The material (2) is being processed simultaneously in parallel with the material (1), where the material (2) is fed on a second feed path through the advancement mechanism (8), is straightened through the straightening mechanism (9), advances to the bending unit (24) and is bent through the bending mechanism (111), is rotated for 3-D bending through the mechanism (10), and is cut after production of the part is completed through the cutter (22).
The advancement mechanism (8) of the second material (2) may be similar to the advancement mechanism (3) of the first material (1), and they may be driven by the same motor (13), through a common driving mechanism (16).
Furthermore, the straightening mechanisms (4) and (9) may be similar. Similar are also the bending mechanisms (6) and (11) for the materials (1) and (2) respectively, which may be driven by a common motor (15), through a common driving mechanism (18).
The mechanism (5) for the changing of the bending plane in space for the material (1) may be similar to the mechanism (10) for the material (2), and they may be driven by a common motor (14), through common driving mechanism.
The two cutters (21) and (22) in the two production lines may be similar and they may be driven by a common driving source.
The controlling unit (19) remains the same for both production lines, and the number of controlled rotation axes is also the same. Similarly, the terminal unit (20), which is used for communication with the user, may be common for both production lines.
According to the present invention, more production lines can be added to the above two-line system, where all production lines have similar mechanisms, where these mechanisms include common driving motors and driving mechanisms. Furthermore, all production lines have a common controlling unit and a common terminal for communication with the user.
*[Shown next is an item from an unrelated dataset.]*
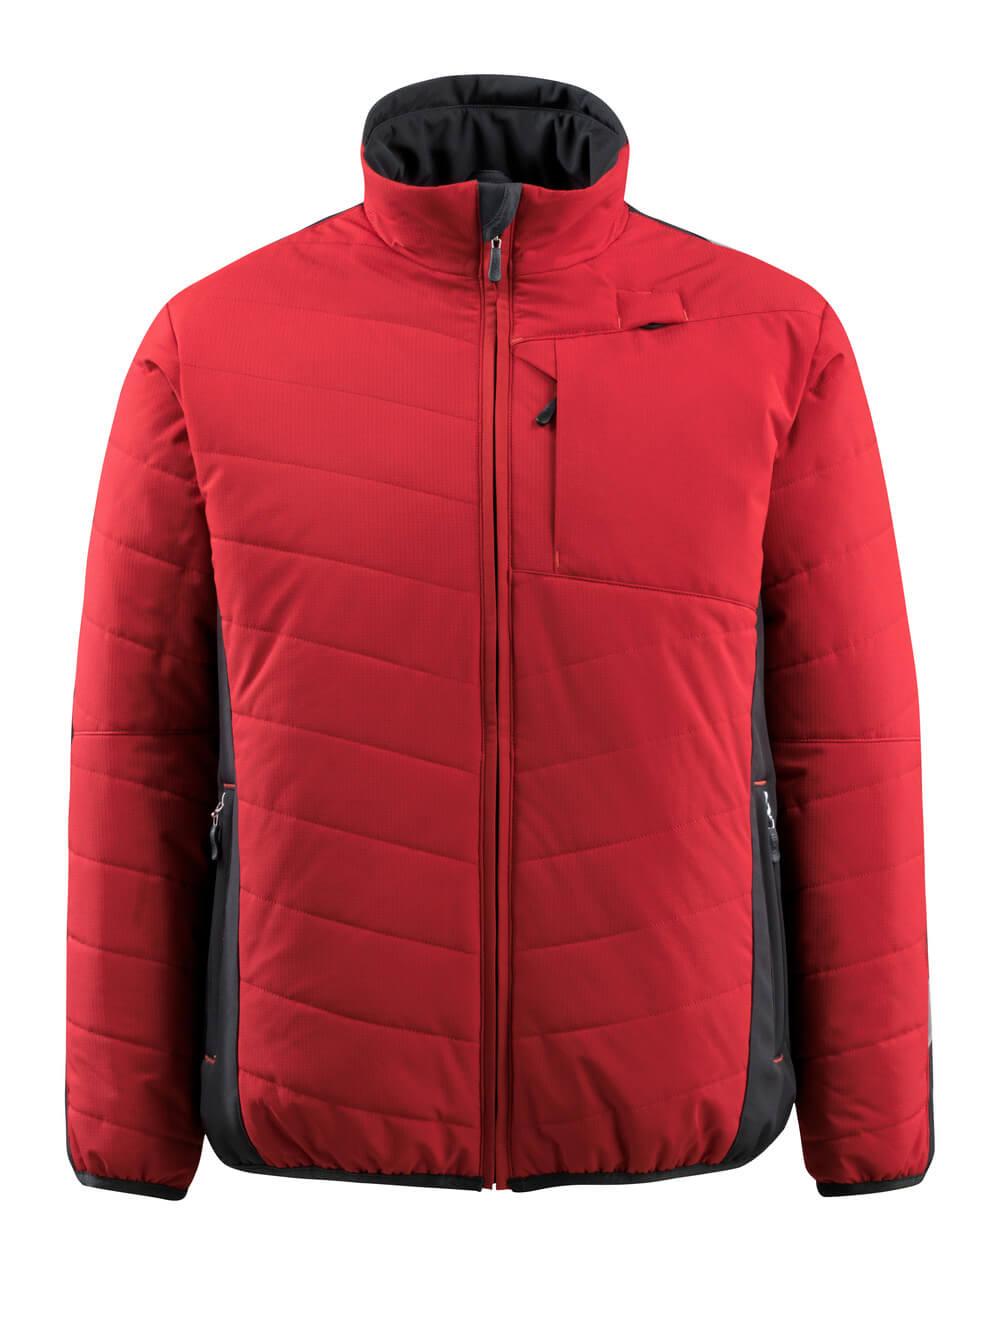 15615-249-0209 Termojacka - röd/svart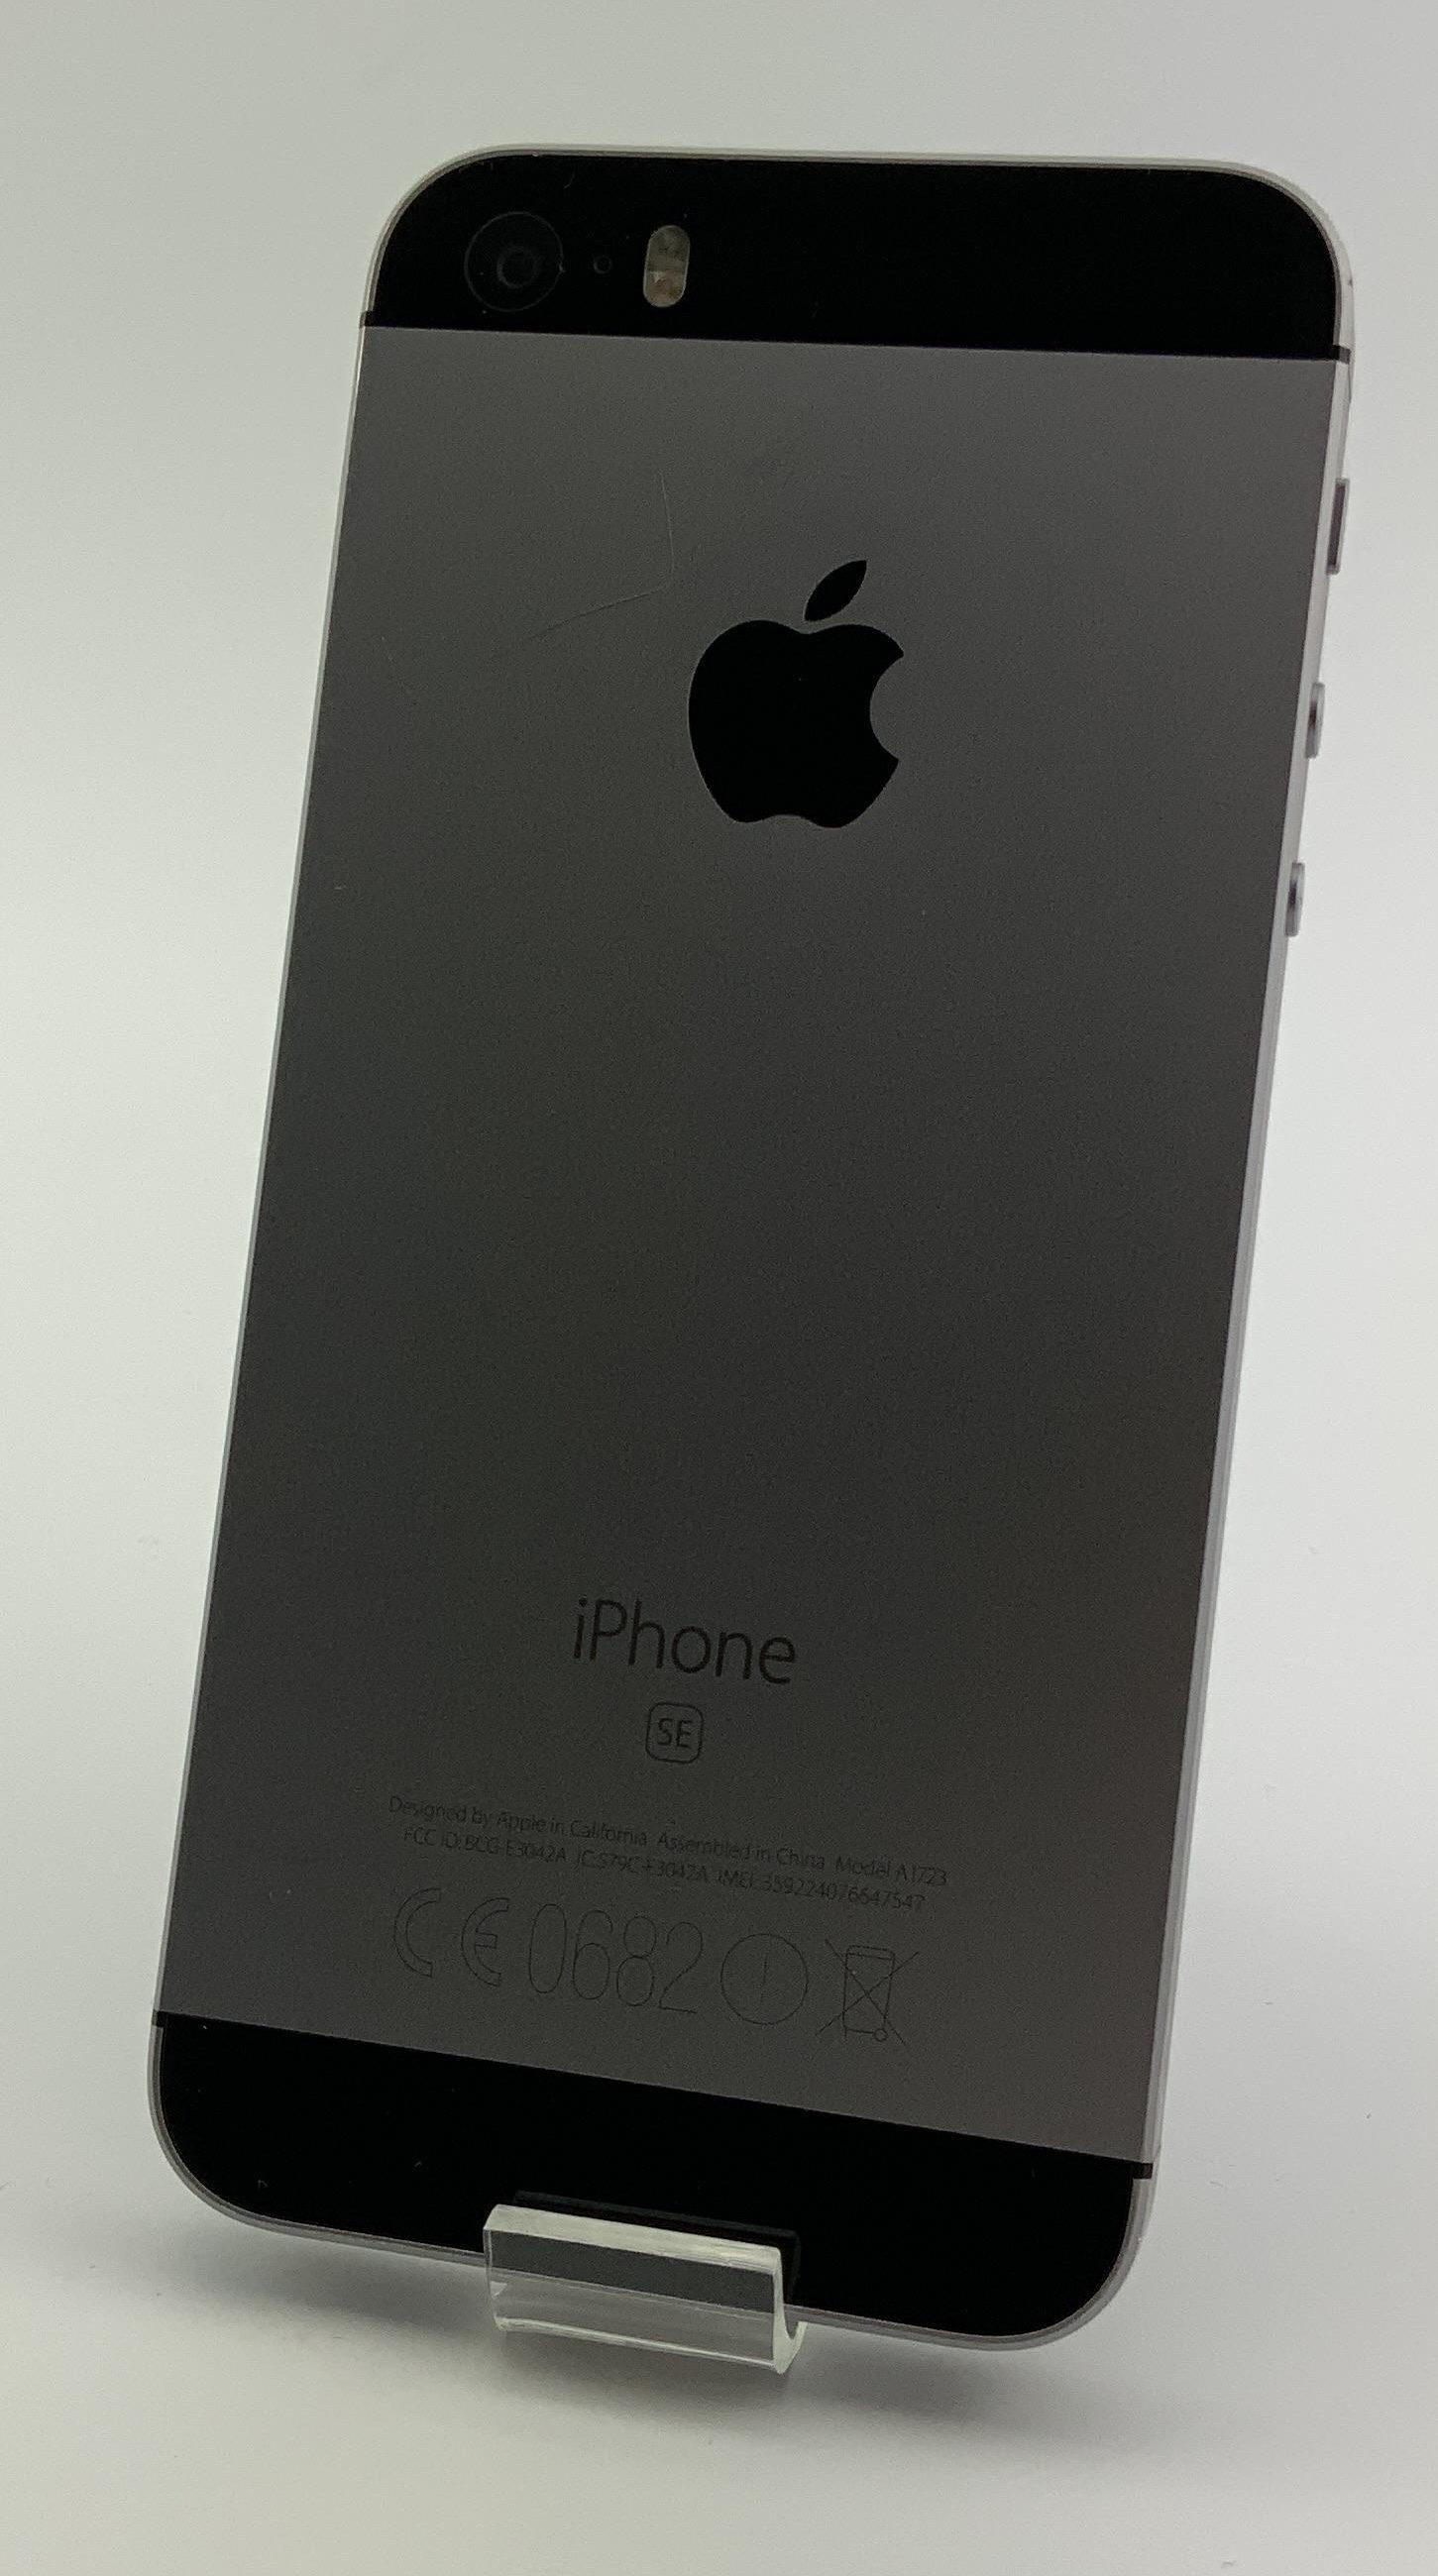 iPhone SE 16GB, 16GB, Space Gray, Kuva 2

For simplicity, the machine (
The wire (1) is fed through the roller couples (30) of the advancement mechanism (3), which are driven by the shaft (31), through the chain (32). The wire (2) is fed through the roller couples (33), which are driven by the same shaft (31), through the chain (34). The shaft (31) is rotated by the motor (13), through the chain (35), where the motor (13) is a servomotor controlled by the controller (19).
Consequently, the wires (1) and (2) are fed towards the straightening mechanism (4) and (9) respectively, for straightening of the wires. In this version, the straightening mechanism comprises of a two-level straightening.
The straightened wire (1) is fed towards the mechanism (5) for the selection of the bending plane, which consists of a fixed gripper (36) and a rotating gripper (37), where the axis of rotation of the gripper (37) coincides with the axis of the wire (1). The rotating gripper (37) is driven by the servomotor (14), through the chain (38), where the servomotor (14) is controlled by the system controller (19). In the second production line for the wire (2), similar mechanisms are in operation, namely a fixed gripper (39) and a rotating gripper (40). The rotating gripper (40) is driven by the same motor (14), through the chain (41).
The change in the bending plane may be implemented as follows. The fixed (36) and the rotating (37) grippers are activated and constrain firmly the wire (1), and the fixed (39) and rotating (40) grippers are activated and constrain firmly the wire (2). Then, the motor (14) drives the rotating grippers (37) and (40), which rotate the wires (1) and (2) respectively relative to the fixed grippers. The torsional deformation of the two wires causes the rotation of the semi-formed products (7) and (12), with respect to the fixed parts of the wires. The rotation of the wires causes permanent plastic deformations due to torsion, thus producing 3-D geometries of products.
Consequently, the wire (1) is advanced towards the bending mechanism (6), which includes a first bending head (27) with a fixed pin (29) and a rotating pin (42), which rotates about the fixed pin (29). The rotating pin is supported on a shaft, and is driven by a shaft (44), through the cogged belt (43). The shaft is driven by the servomotor (15), which is controlled by the controller (19). Simultaneously, the wire (2) is advanced towards the bending mechanism (11), which includes a second bending head (28) with a fixed pin (45) and a rotating pin (46). The rotating pin is supported on a shaft, and is driven by the common shaft (44), through the cogged belt (47). The shaft is driven by the common servomotor (15). Upon activation of the rotor (15), the pins (42) and (46) are rotated about the fixed pins (29) and (45) respectively, and bend the wires, moving along the under-production parts (7) and (12).
The cutter (21) cuts the wire (1) after completion of each formed product part in the first production line. The cutter comprises a moving cutting tool (48), which is driven by a hydraulic cylinder with respect to a fixed cutting tool (49), and finally cuts the material (1). A similar cutter (50, 51) operates in the second production line, where the two cutters (21) and (22) may share a common source of high-pressure oil system.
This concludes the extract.